I would love to see our community value and appreciate teachers more, so let me take the opportunity to bust some teaching myths! While some may see it as a ‘lifestyle career’, any of us who have taught or are married to those who have, will know that teachers seldom leave the grounds at 3pm or, if they do, they will be carrying home hours of work for the evening. Half the job – consisting of meetings, parent interviews, marking, preparation and camps – takes place outside the hours of 9am to 3pm. Holidays, which teachers enjoy like the rest of us, are also a time to move classrooms, program for the term ahead, evaluate the term past or do reports.

I can’t argue that the holidays aren’t good. They’re fantastic – but teachers often work through them. When my eldest son completed his first year of school last year, his teacher spent a portion of her Christmas break lovingly creating a USB of all the photos taken throughout the year, which she then hand-delivered to each child in her class. Viewing this took about an hour: a keepsake brimming with precious memories. What a beautiful parting gift for her students and their families.

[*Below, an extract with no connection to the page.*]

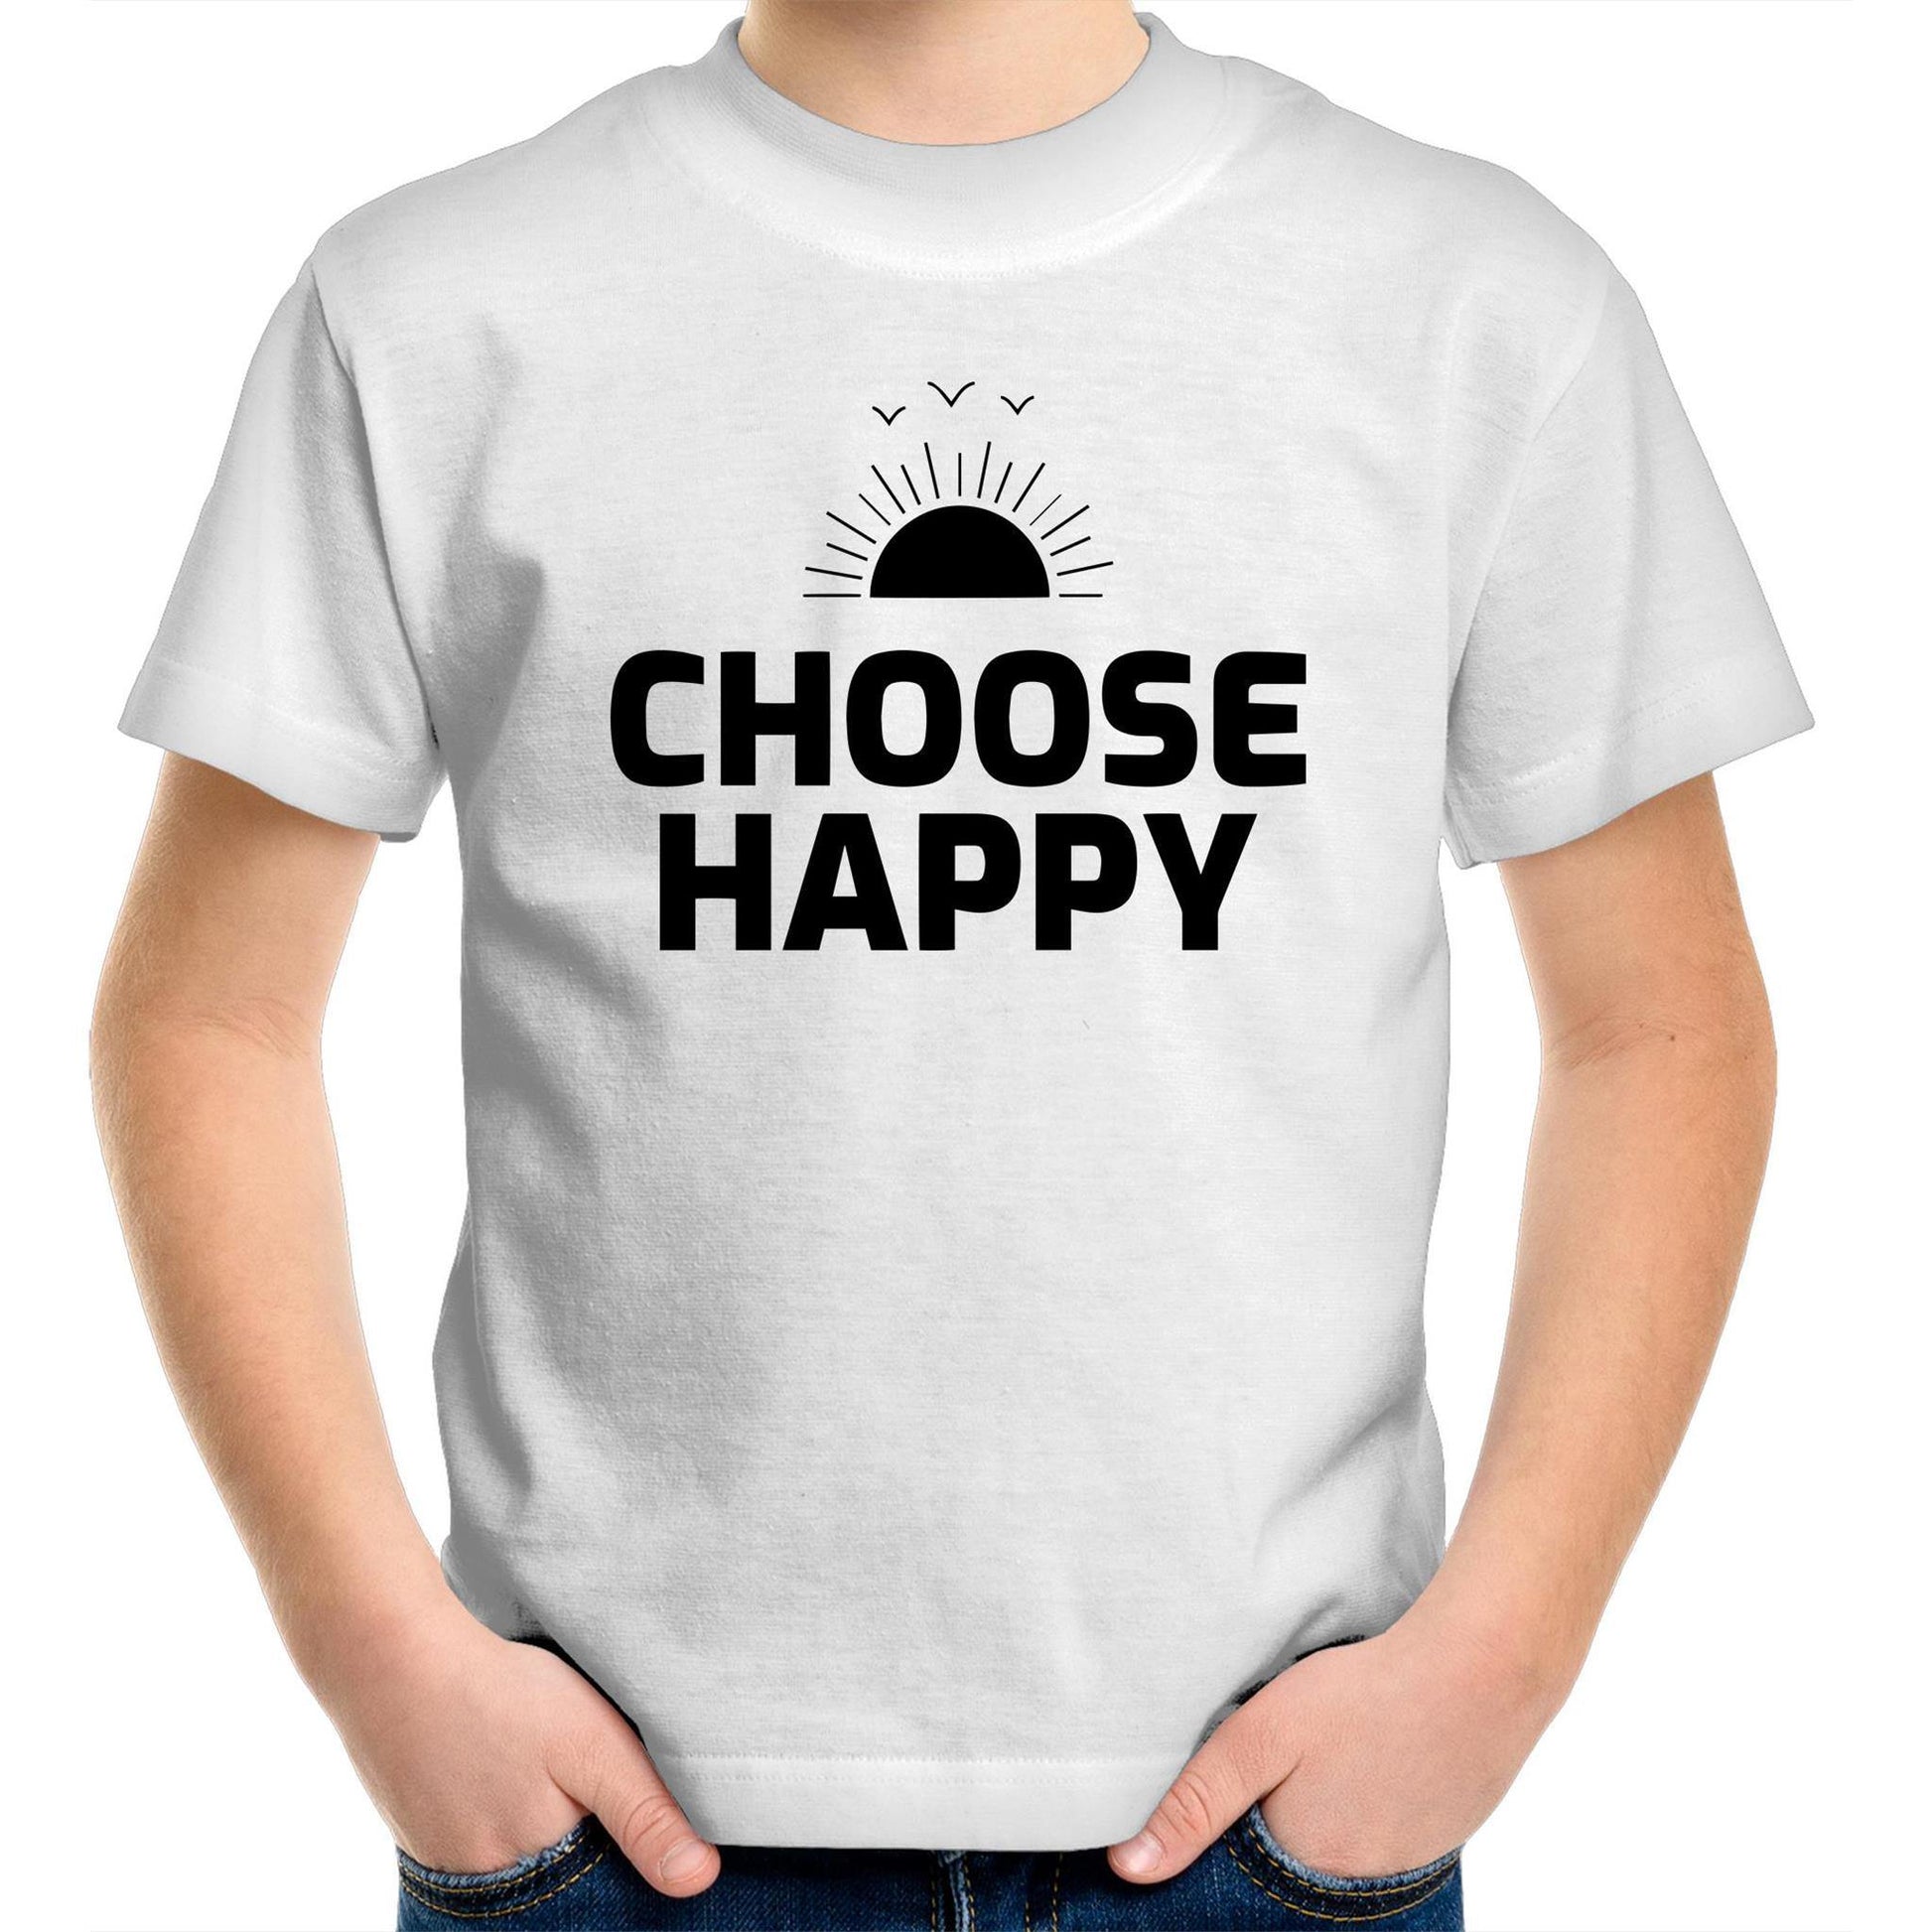 Choose Happy - Kids Youth Crew T-Shirt White Kids Youth T-shirt

Perhaps the prestige of a career is only defined in terms of income. Increase teachers’ wages in proportion to their work, and the job’s value, and the perception of teaching, would change immediately.

Have you been thinking of some of your teachers? The ones who poured themselves into their students and brought their subject to life? How many of them set you on a course that led to further study, or a successful career? Would you be where you are without their guidance?